During my travels, my compensation for free accommodation for one night, was for me to write a daily travel diary. Of how I got to my next location, the people who would host me, the food I was offered and everything else. Below you find the archives of the highly extensive reports. Know that English is not my native language and most reports were written at high speed around midnight. Enjoy.


Wednesday, 3 April 2002
Brisbane City --> Ascott, Brisbane, Australia

After last night drinking in the Downunder bar, I had expected a hangover or anything like that, but fortunately the headache passed my room on the 4th floor and this resulted in a relaxing afternoon and meeting a bunch of funny people.
I woke up at 9am, as I had to check out of the room at 10 and met Renée Tentori at the ground floor reception.

I would meet up my next host for today, also living in Brisbane, much later today, so Renée decided to take me along for some breakfast at a food court near the Queens Street Mall. Basically one café latté with a muffin was enough for me. Boy, are these things rich!

Yesterday she had showed me a big part of the city already, from the soothing South Bank with its parks and simulated beaches, that I had seen most of the city centre already.

And I like Brisbane.

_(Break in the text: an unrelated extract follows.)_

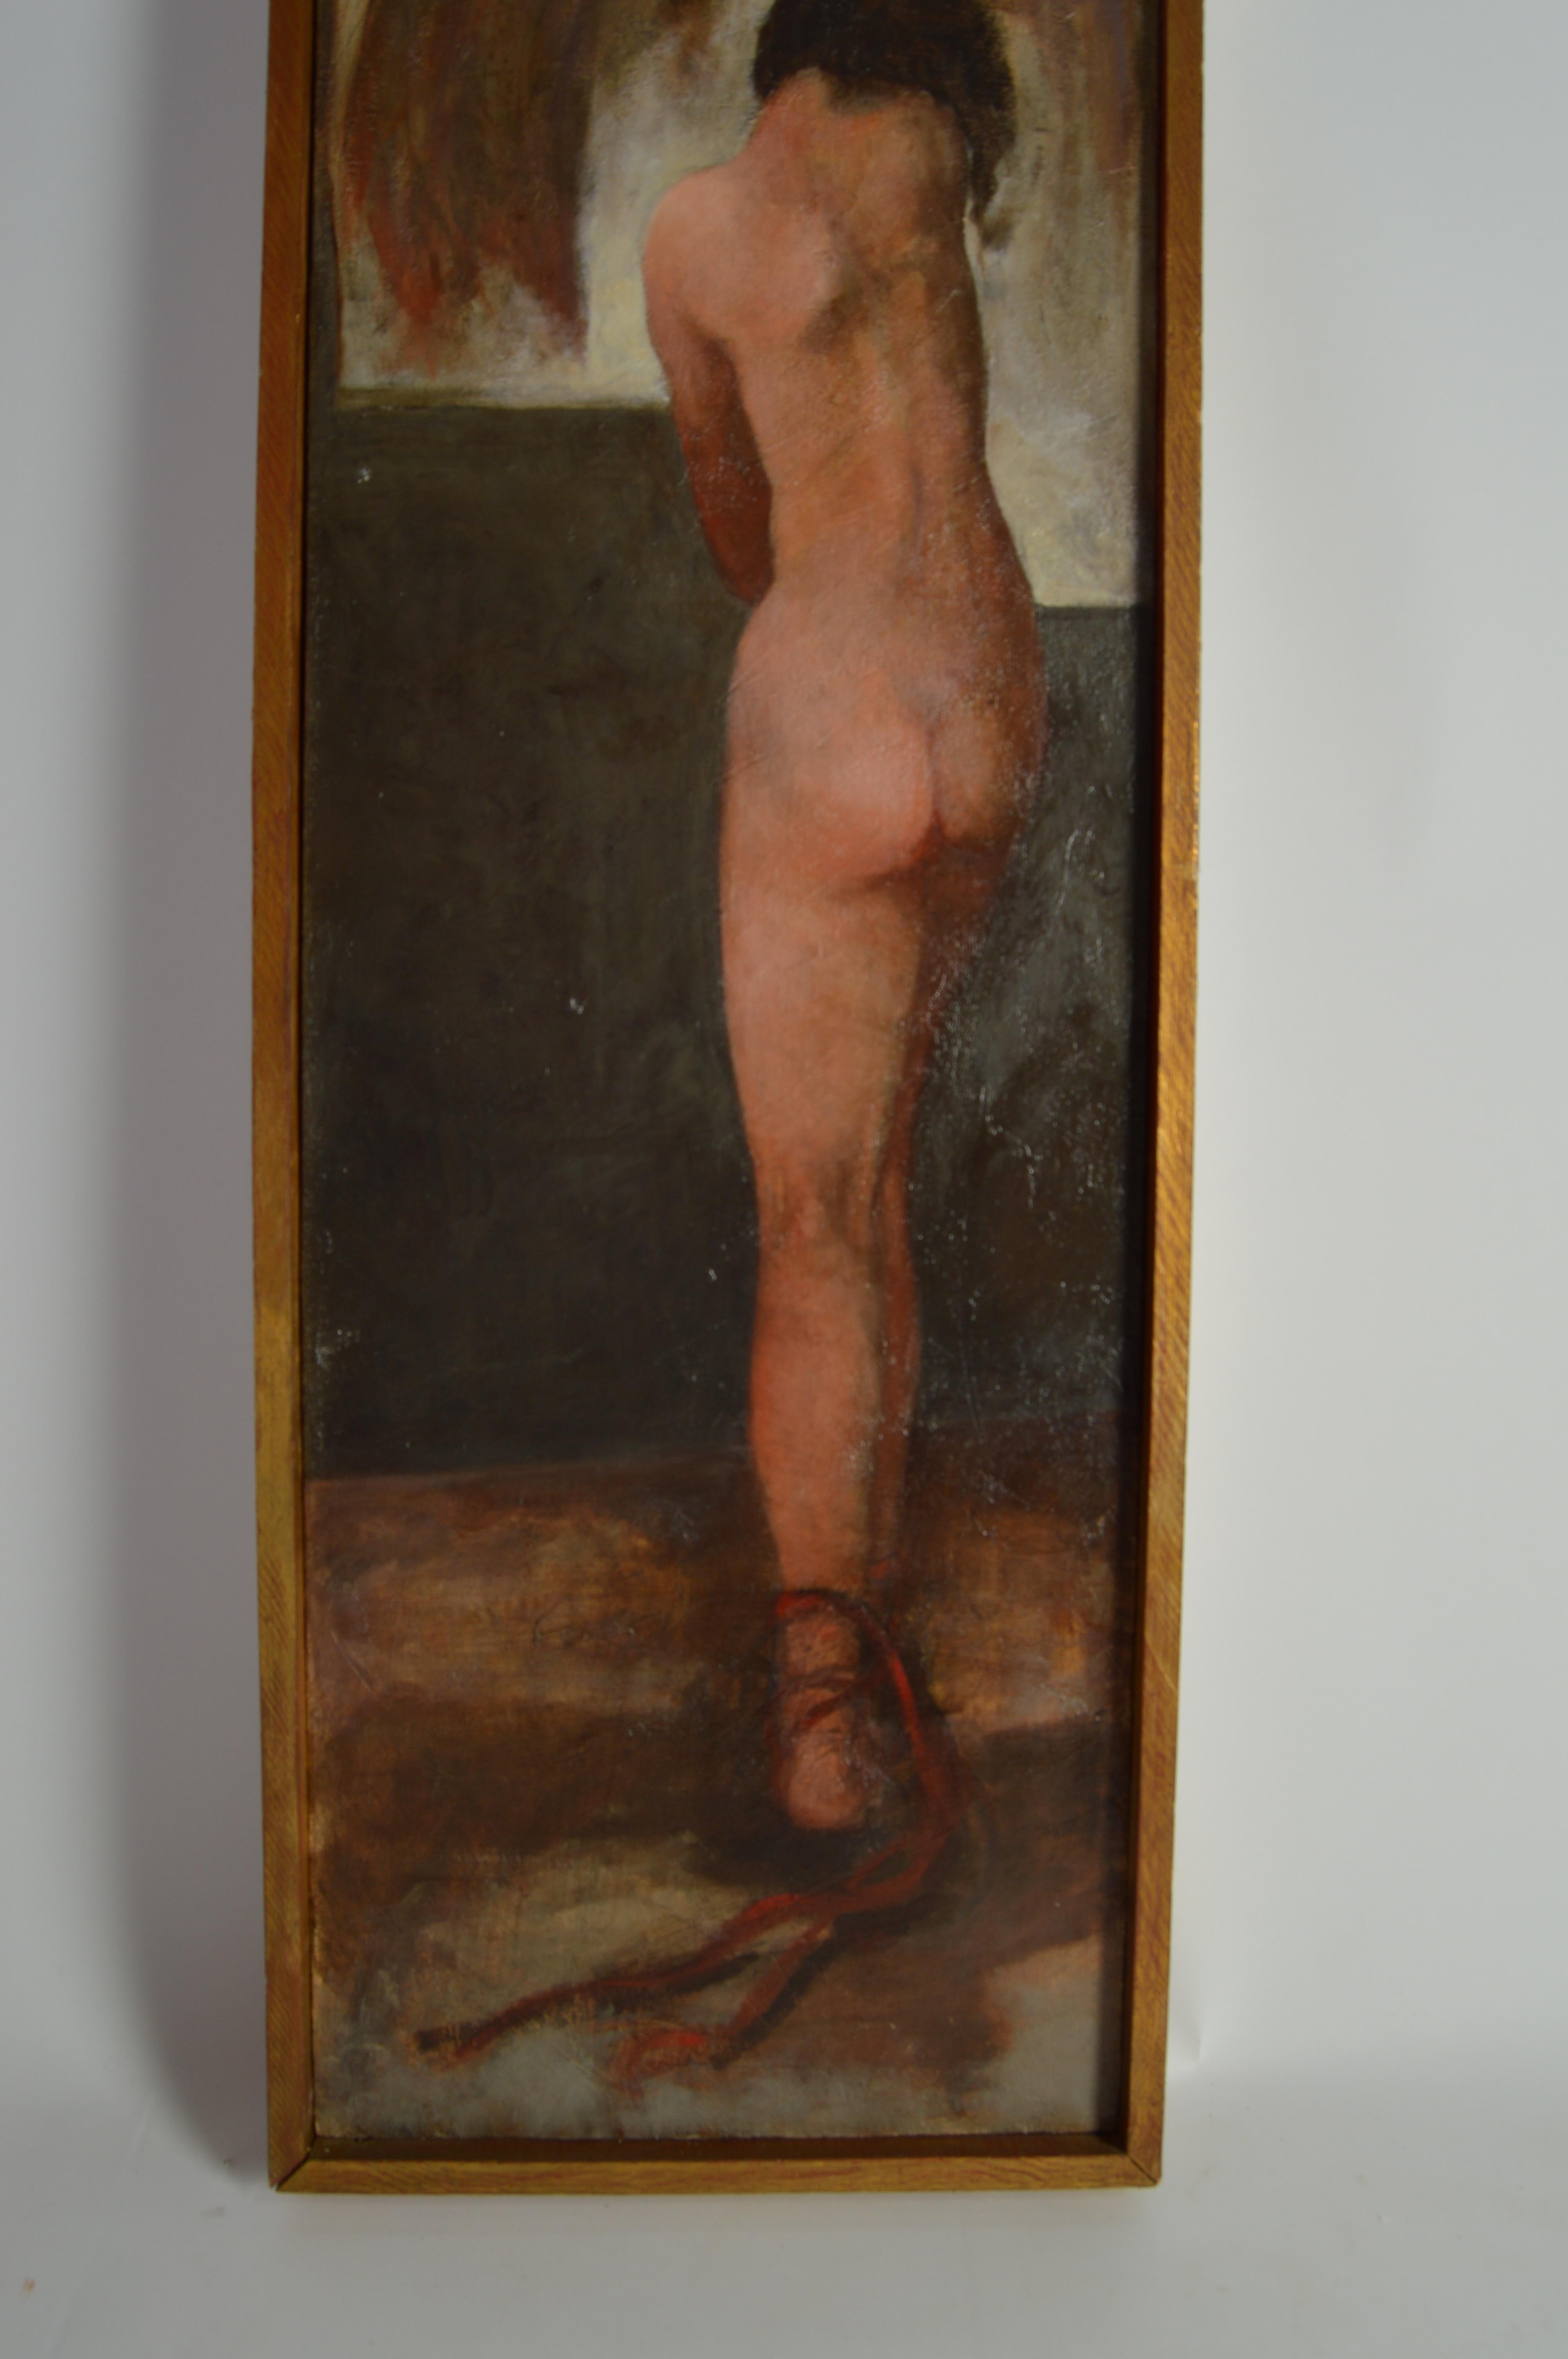 American Art Deco Nude Oil Painting on Burlap circa 1930 in the Manner of Edvard Munch

It’s just like Renée said: “It’s not that big that you get lost easily and it’s not that small that everybody knows you.” And that quite reminded me of my hometown Zwolle in the Netherlands. If you feel you fit in, it’s the right size for you.

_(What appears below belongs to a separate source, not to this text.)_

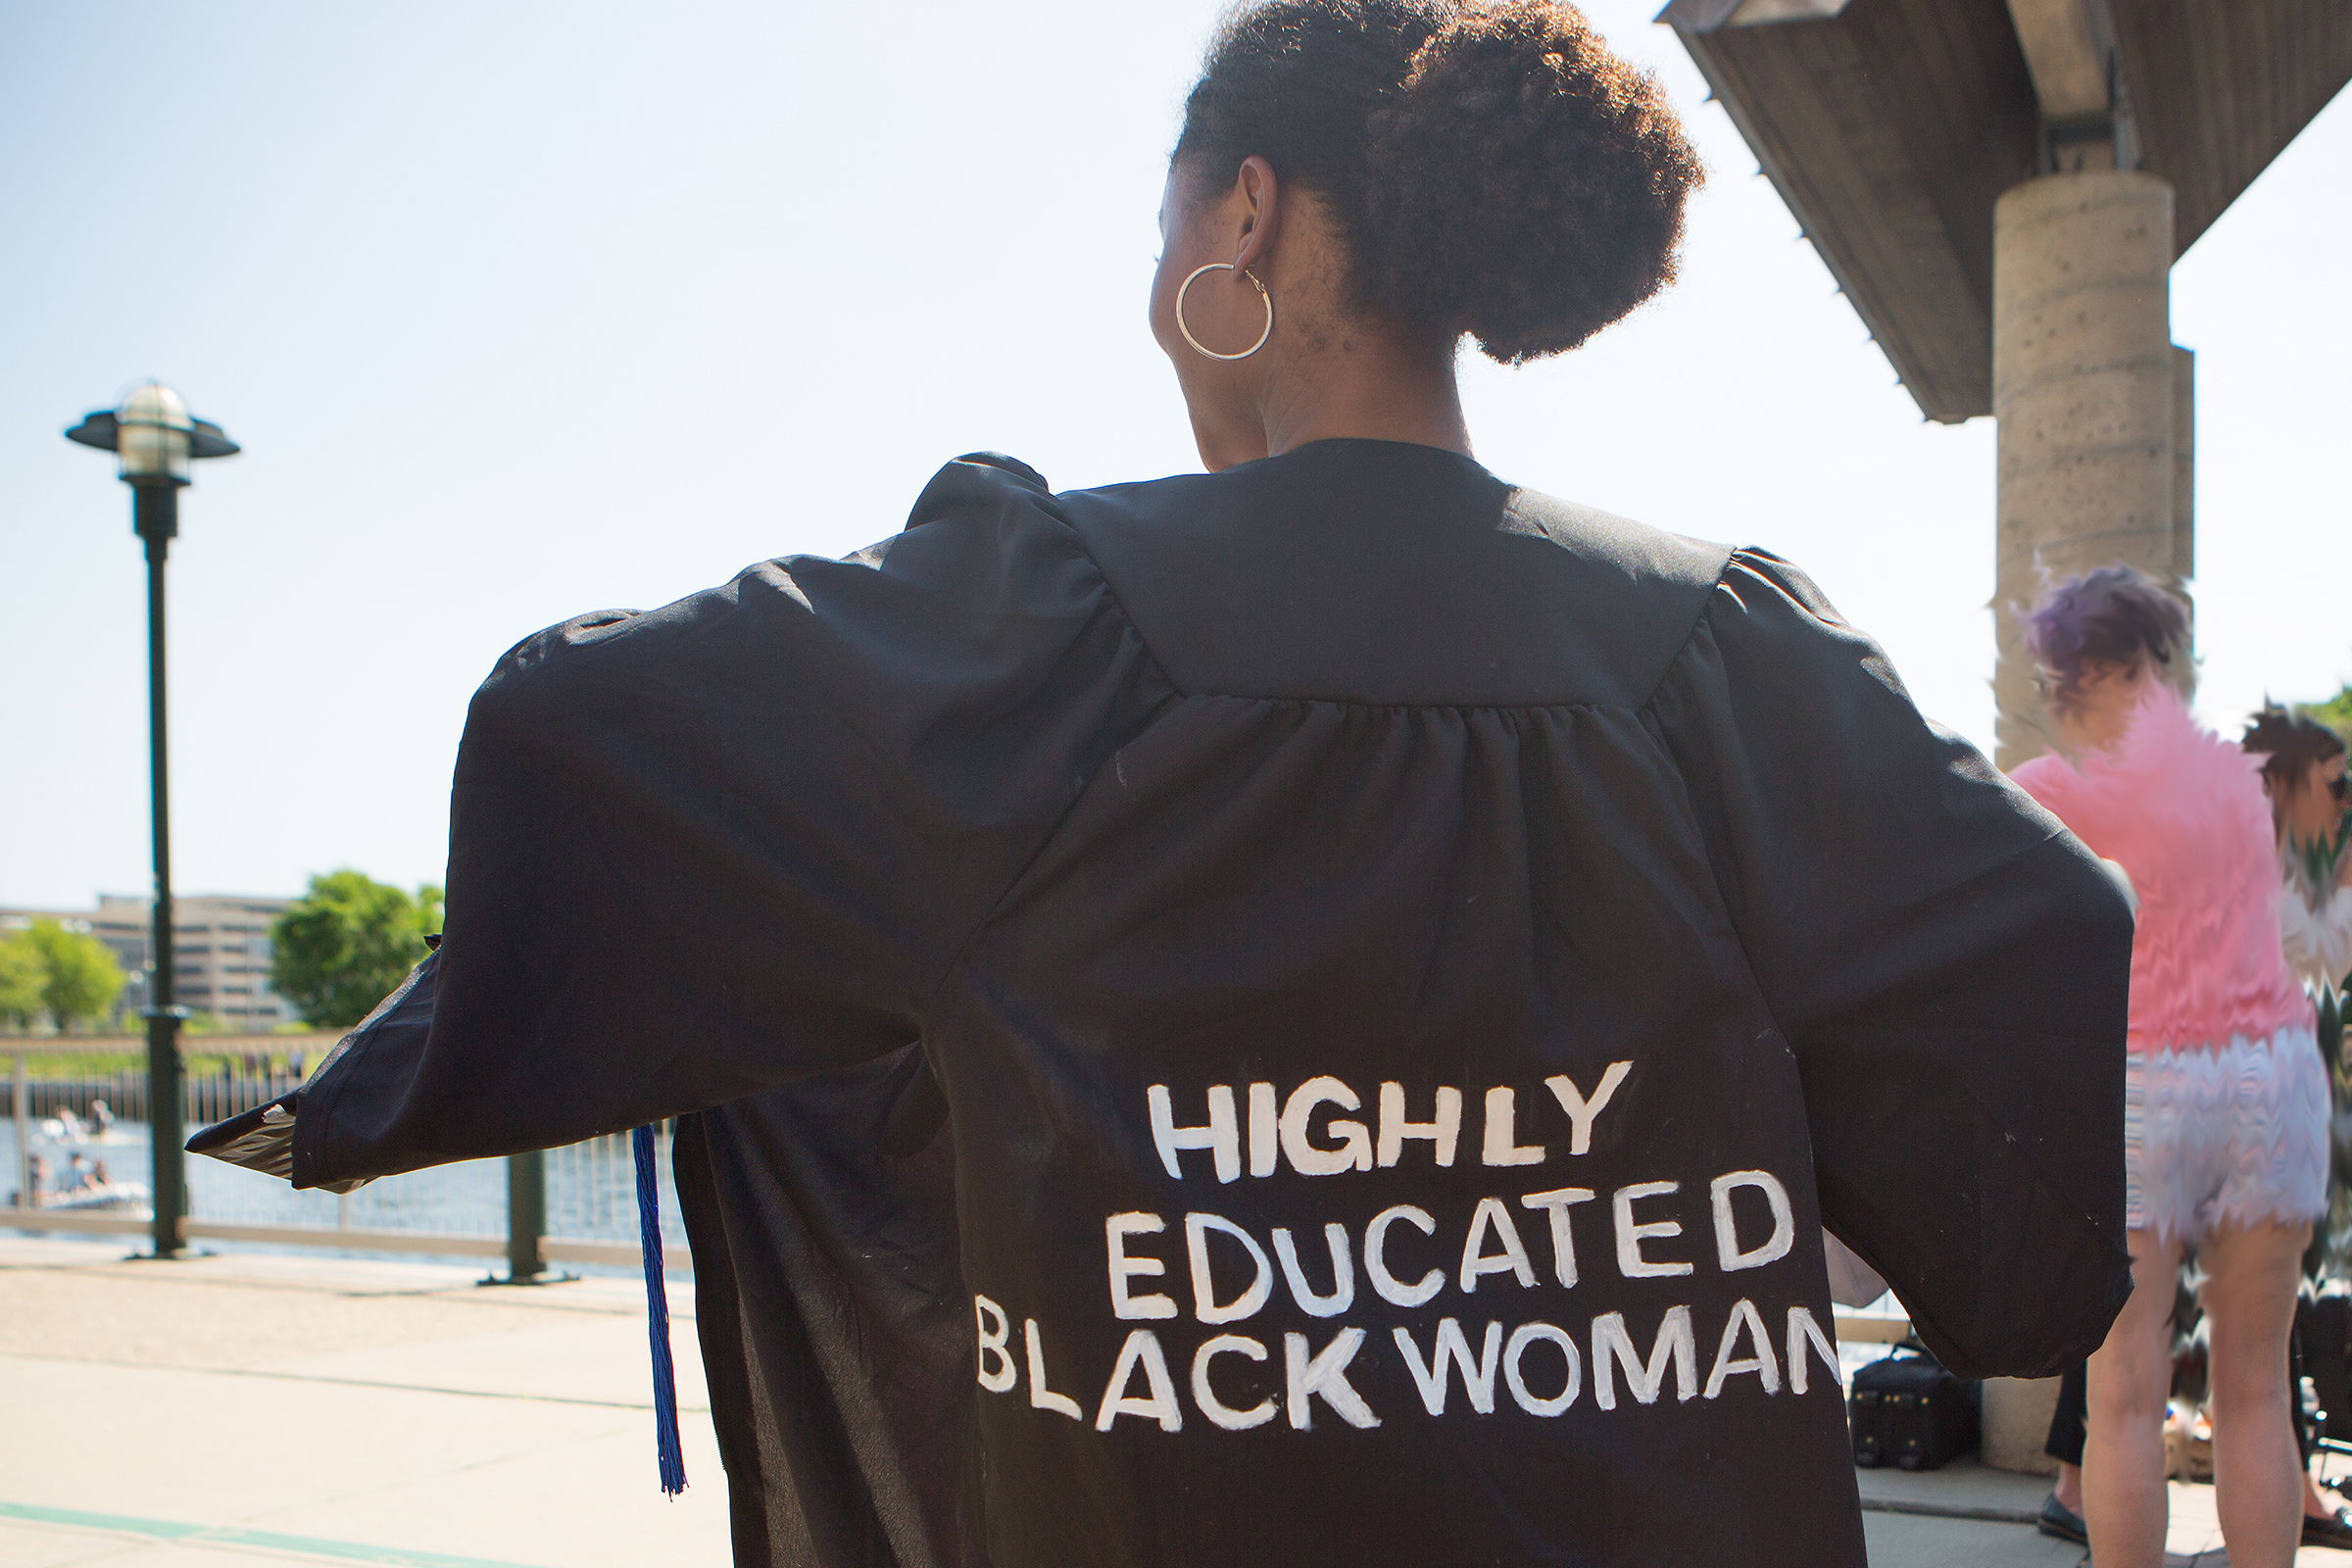 grad with sign on her back reading highly educated black woman

We passed the City Hall and just inside I saw the announcement of an exposition that was now going on inside. Reporting the World: John Pilger’s Great Eyewitness Photographers. And I grabbed Renée’s attention: “John Pilger! John Pilger!”
John Pilger the best reporter in the world, if you ask me. The free exhibition contained all photographs from joining photographers from the Barbican Gallery in London (UK).

What makes John Pilger a truly great journalist is his conscience and his bravery. I mean, he has been to almost any fireplace on earth and really knows to write the unbiased (!!!) truth of those situations.

As an Australian, Pilger also wrote the book A Secret Country: The Hidden Australia. One reviewer about this book wrote the famous words: “I guess if it smells like a conspiracy, looks like a conspiracy, sounds like a conspiracy, well it must be the truth.”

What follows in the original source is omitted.